| Source material |
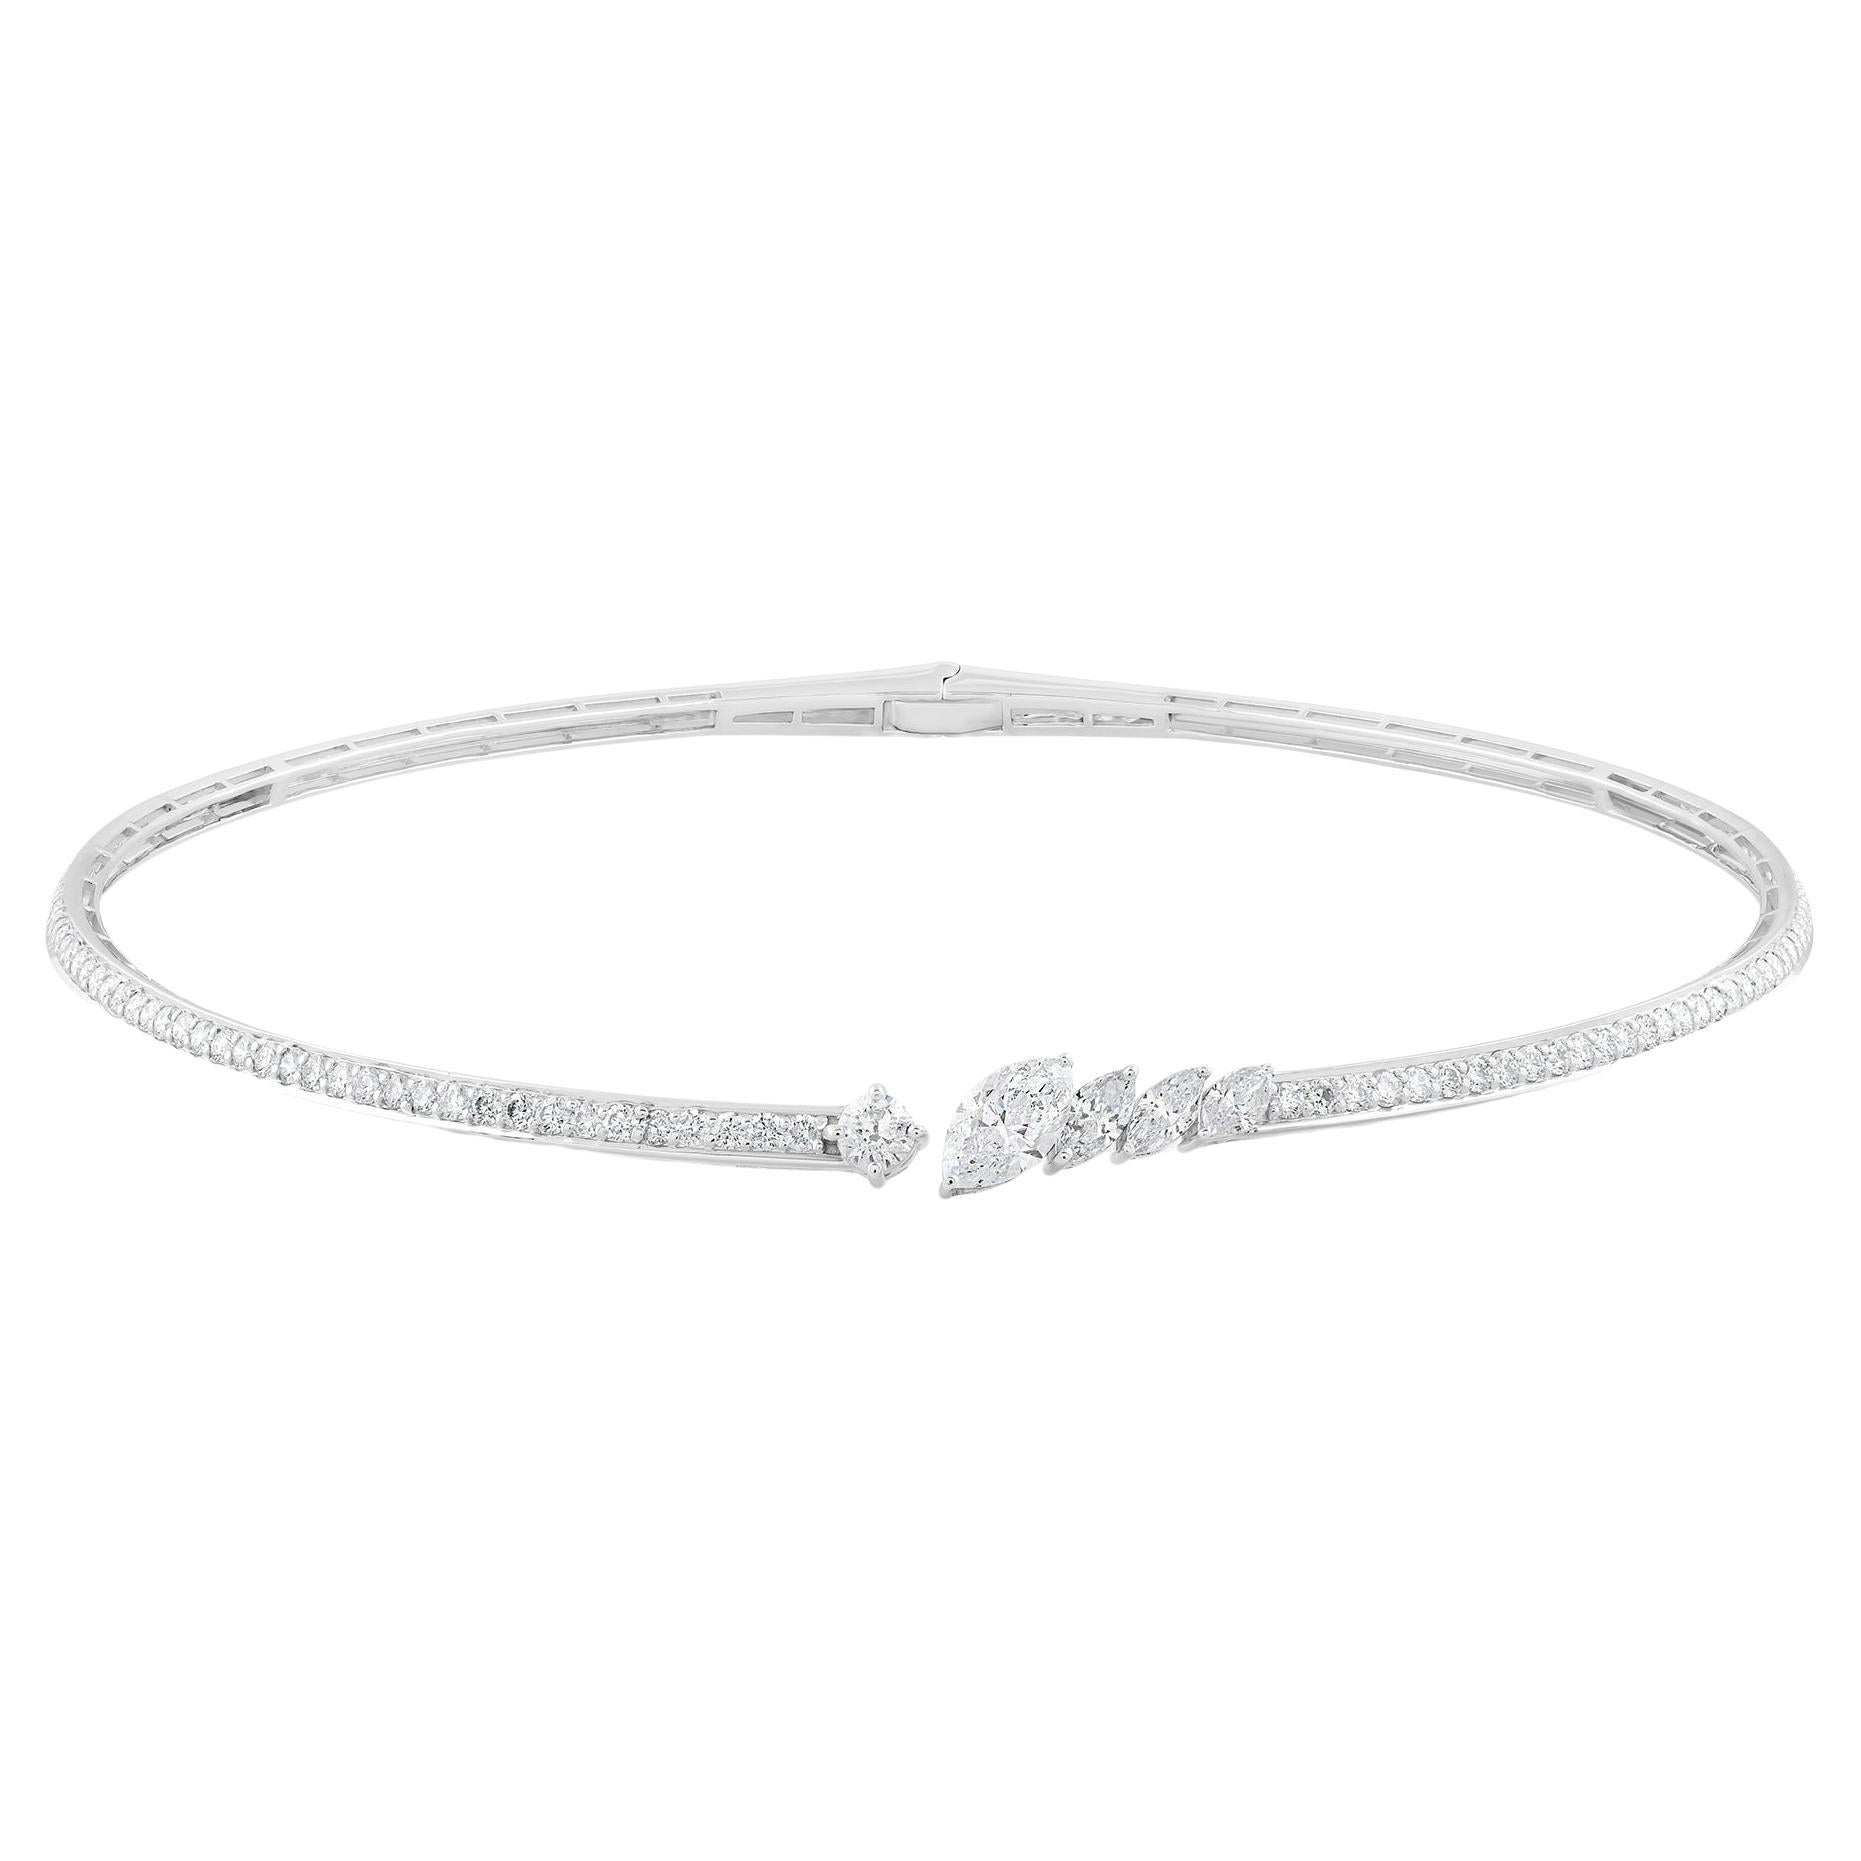 Natural 4.90 Carat Marquise Diamond Choker Necklace 18 Karat White Gold Jewelry For Sale
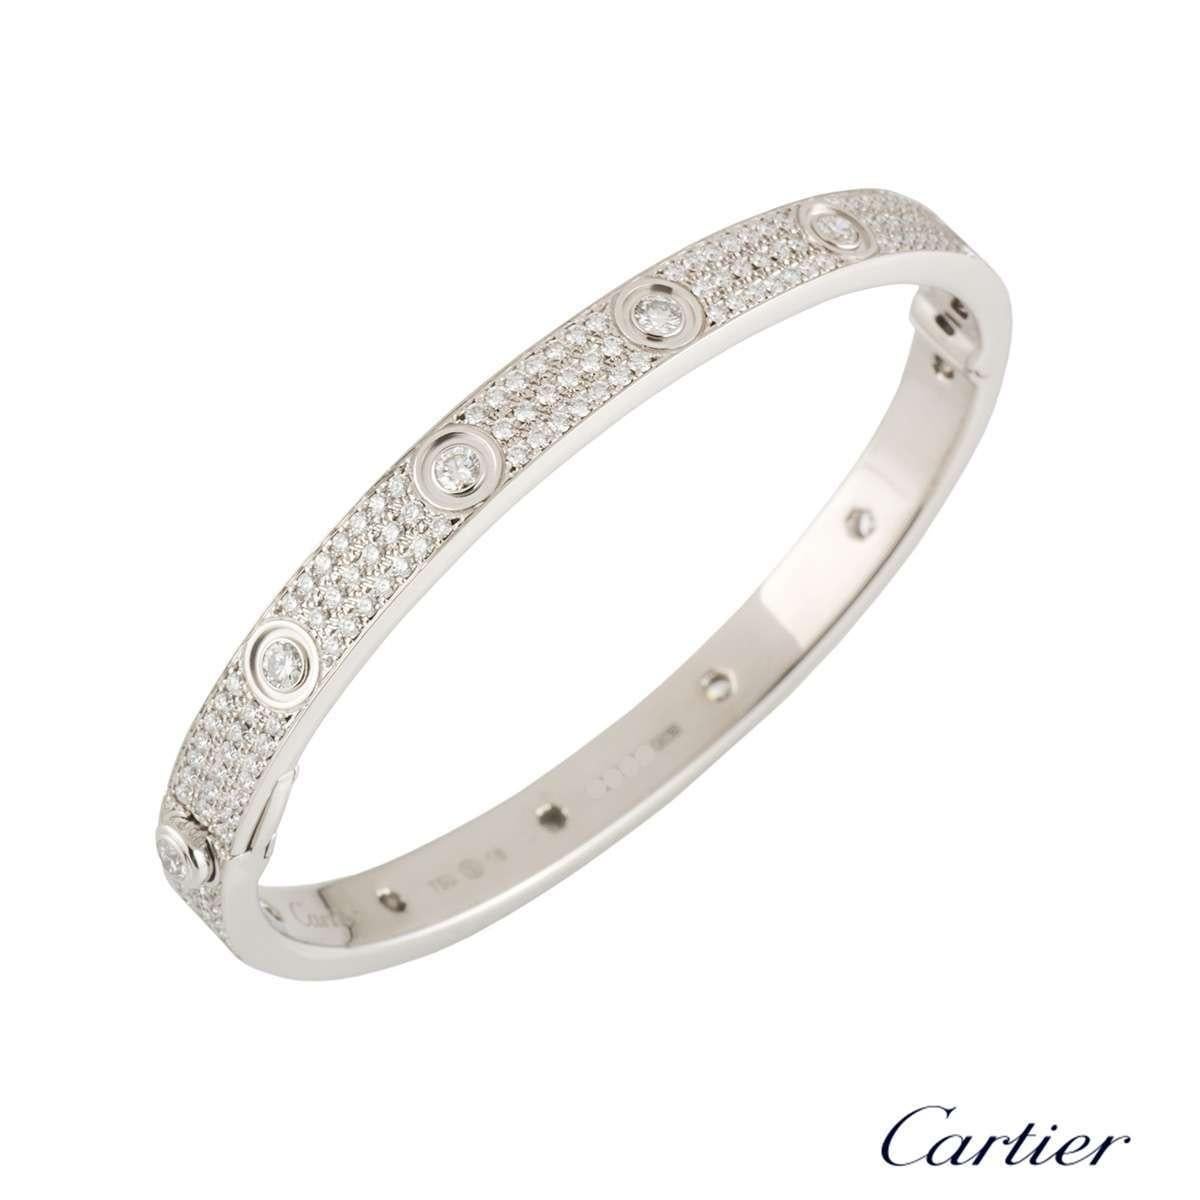 Brilliant Cut Cartier LOVE Bracelet in 18k white gold and 3.70ct diamonds with box
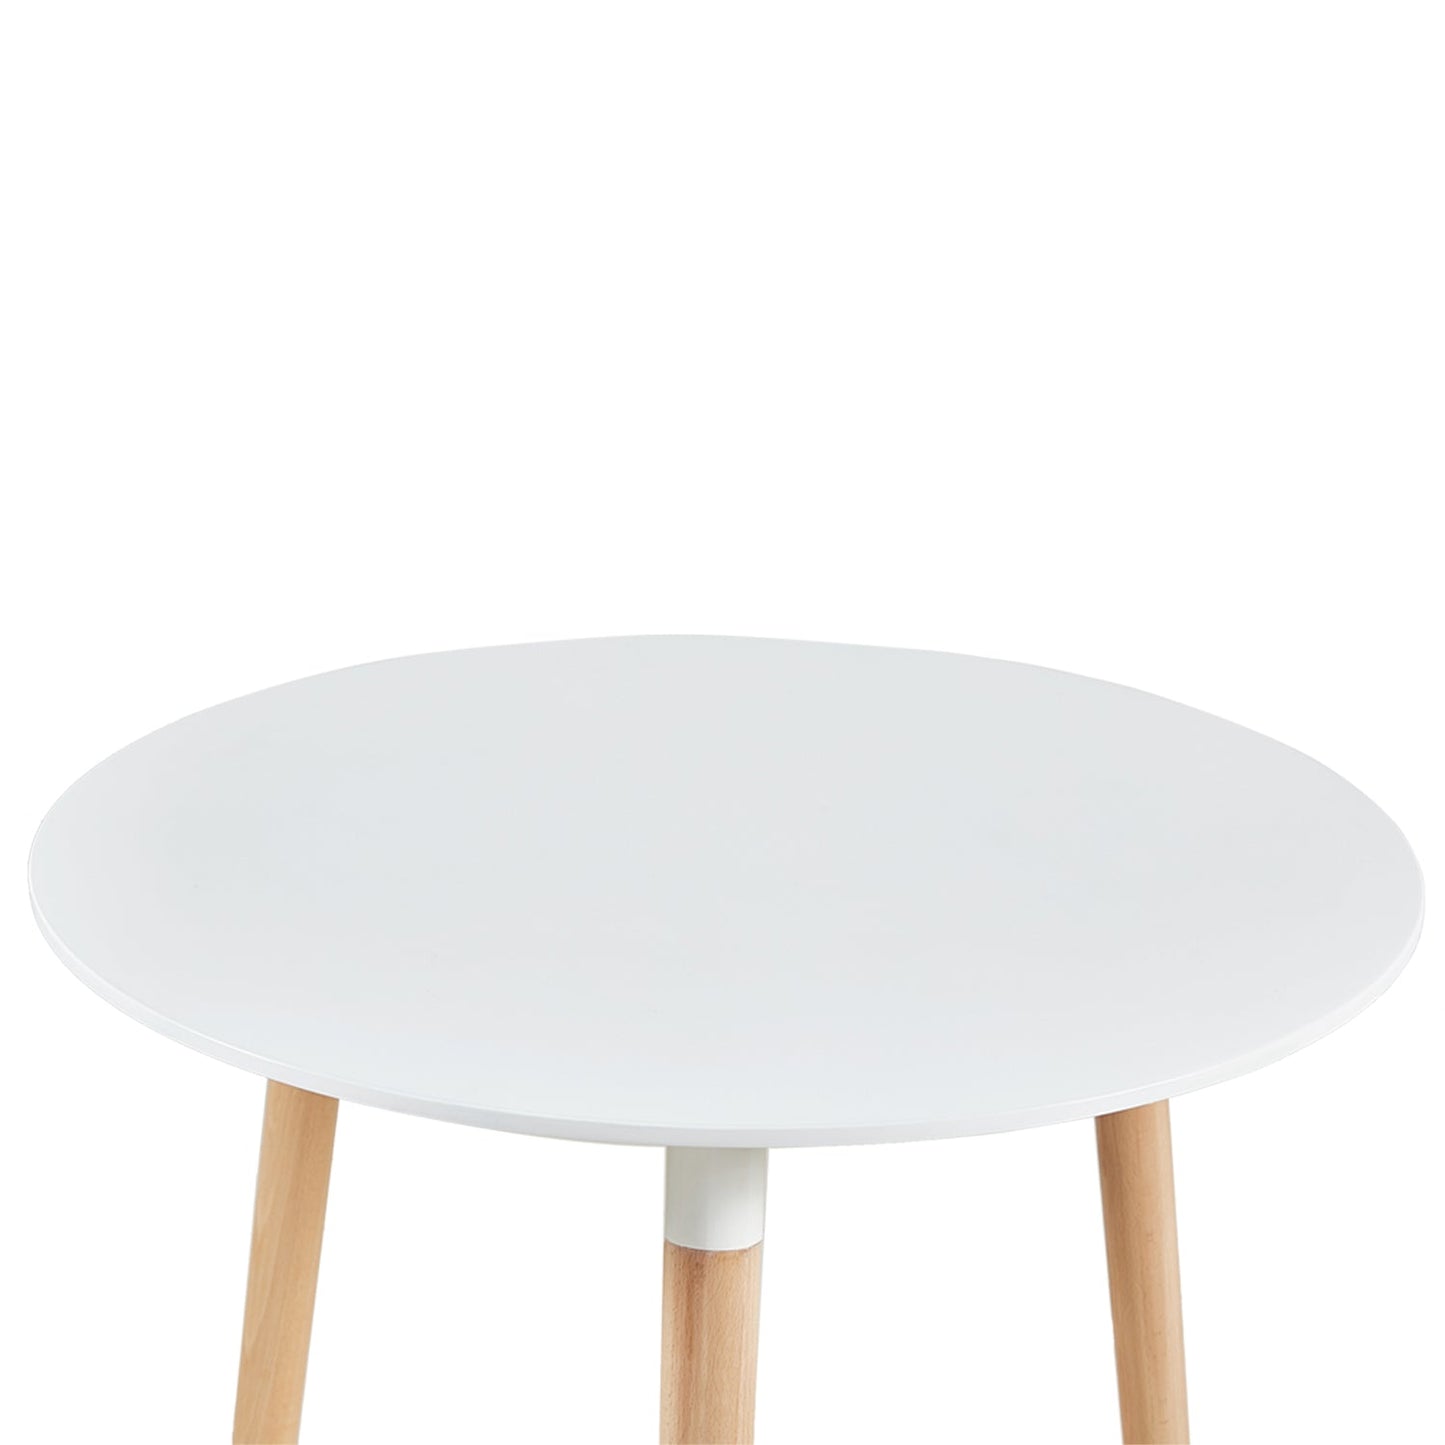 PEA Round MDF Dining Tables with 3 beech legs 80*80*74 cm - White

| What is being asked |
All of the listing is to be written out exactly, with the pictures left out.

| Answer to this exercise |
 Natural 4.90 Carat Marquise Diamond Choker Necklace 18 Karat White Gold Jewelry For Sale
 Brilliant Cut Cartier LOVE Bracelet in 18k white gold and 3.70ct diamonds with box
 PEA Round MDF Dining Tables with 3 beech legs 80*80*74 cm - White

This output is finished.